A French judge has ordered the three lock-up stores in the Paris area to be cleared of jewels, art-works, leather goods and clothes believed to be worth up to Euros 12m.

Princess Maha Al-Sudairi, former wife of the late Saudi crown prince, has made headlines several times in the last four years by running up, and omitting to pay, immense hotel and shopping bills in the West. In June last year, she left the Shangri-la Hotel in Paris with 60 of her staff without paying the €6m bill for an entire floor that she had occupied for six months.

Princess Maha, believed to be in her 50s, is now being sued by six other French creditors, including a company which provided up to 30 chauffeur-driven cars a day for six months during her Paris visit last year. A judge in Nanterre west of Paris has ordered three lock-up store-rooms rented by the princess to be opened in the next few days.

Their contents will be seized and may eventually be sold to pay off the princess’ debts. Legal proceedings will be long and complex, however. The princess claims diplomatic immunity and has declined to hire a lawyer to respond to the accusations against her.

Maha al Sudairi is the divorced wife of the late Saudi crown prince and interior minister, Nayef bin Abdul Aziz Al Saud, who died last June a few days before she left the Shangri-la in Paris without paying her bill.

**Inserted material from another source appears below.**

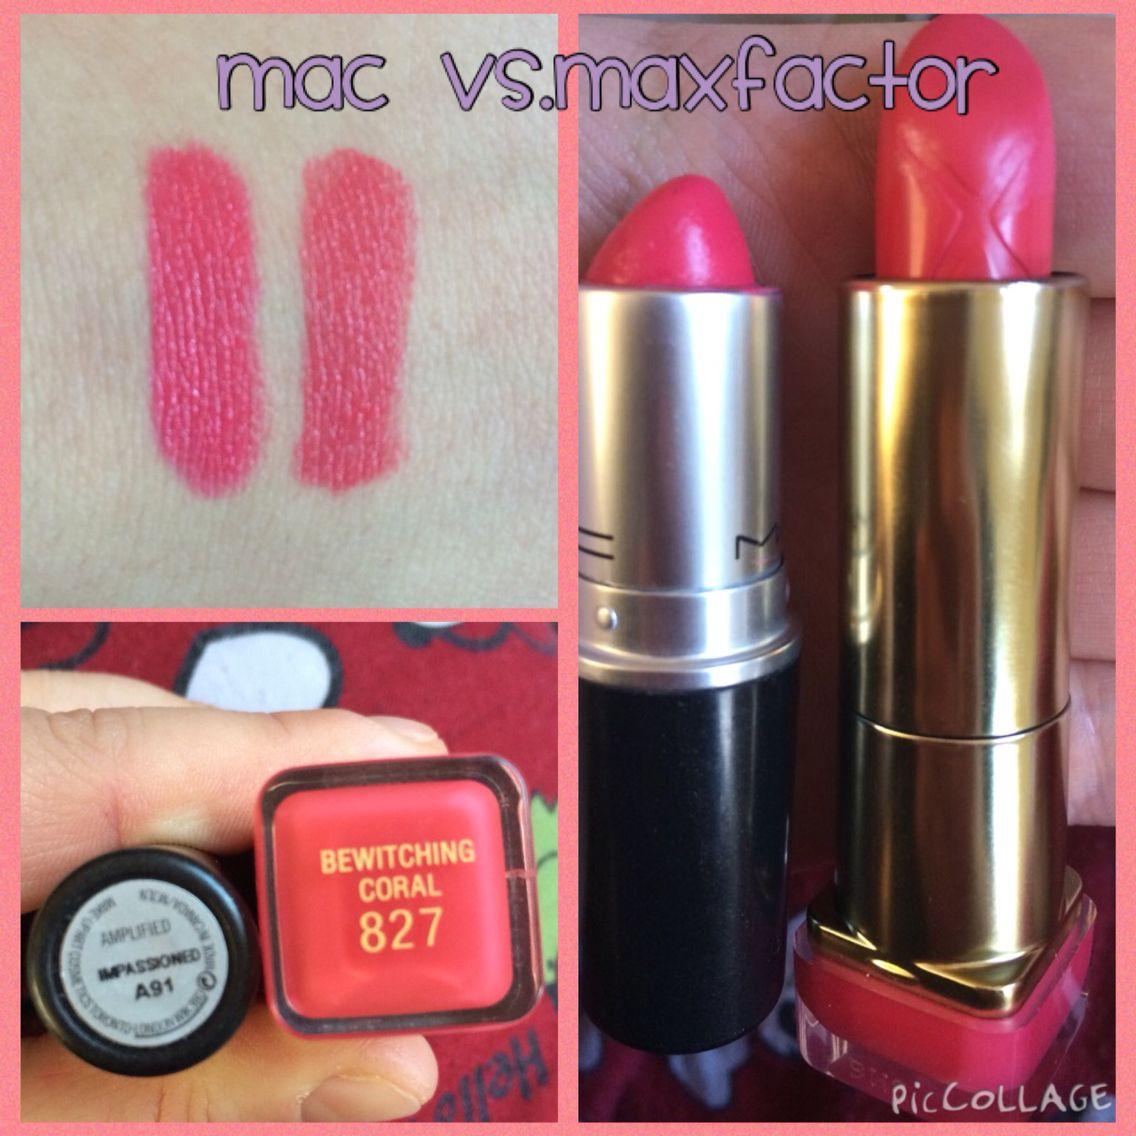 max factor 827

She is now believed to have been ordered to remain in Saudi Arabia.

She was confined to a royal palace in 2009 after running up unpaid bills of €15m in Paris for hotels, meals, jewels and clothes, including underwear worth €60,000.

The legal case against her has been brought by six of her French creditors, including a company called Cinquième Etoile, which provides limousines and other services to super-rich visitors to Paris.

“Every day we had about 30 cars ready for her and those who accompanied her,” a spokesman for Cinquième Etoile told the newspaper, Le Parisien. “We are still awaiting payment…The people we sub-contracted to are suing us because they haven’t beeen paid either.”

The company’s bill is estimated at €1.5million and the princess’s total outstanding debts in Paris – other than the Shangri-la hotel bill – at €10million.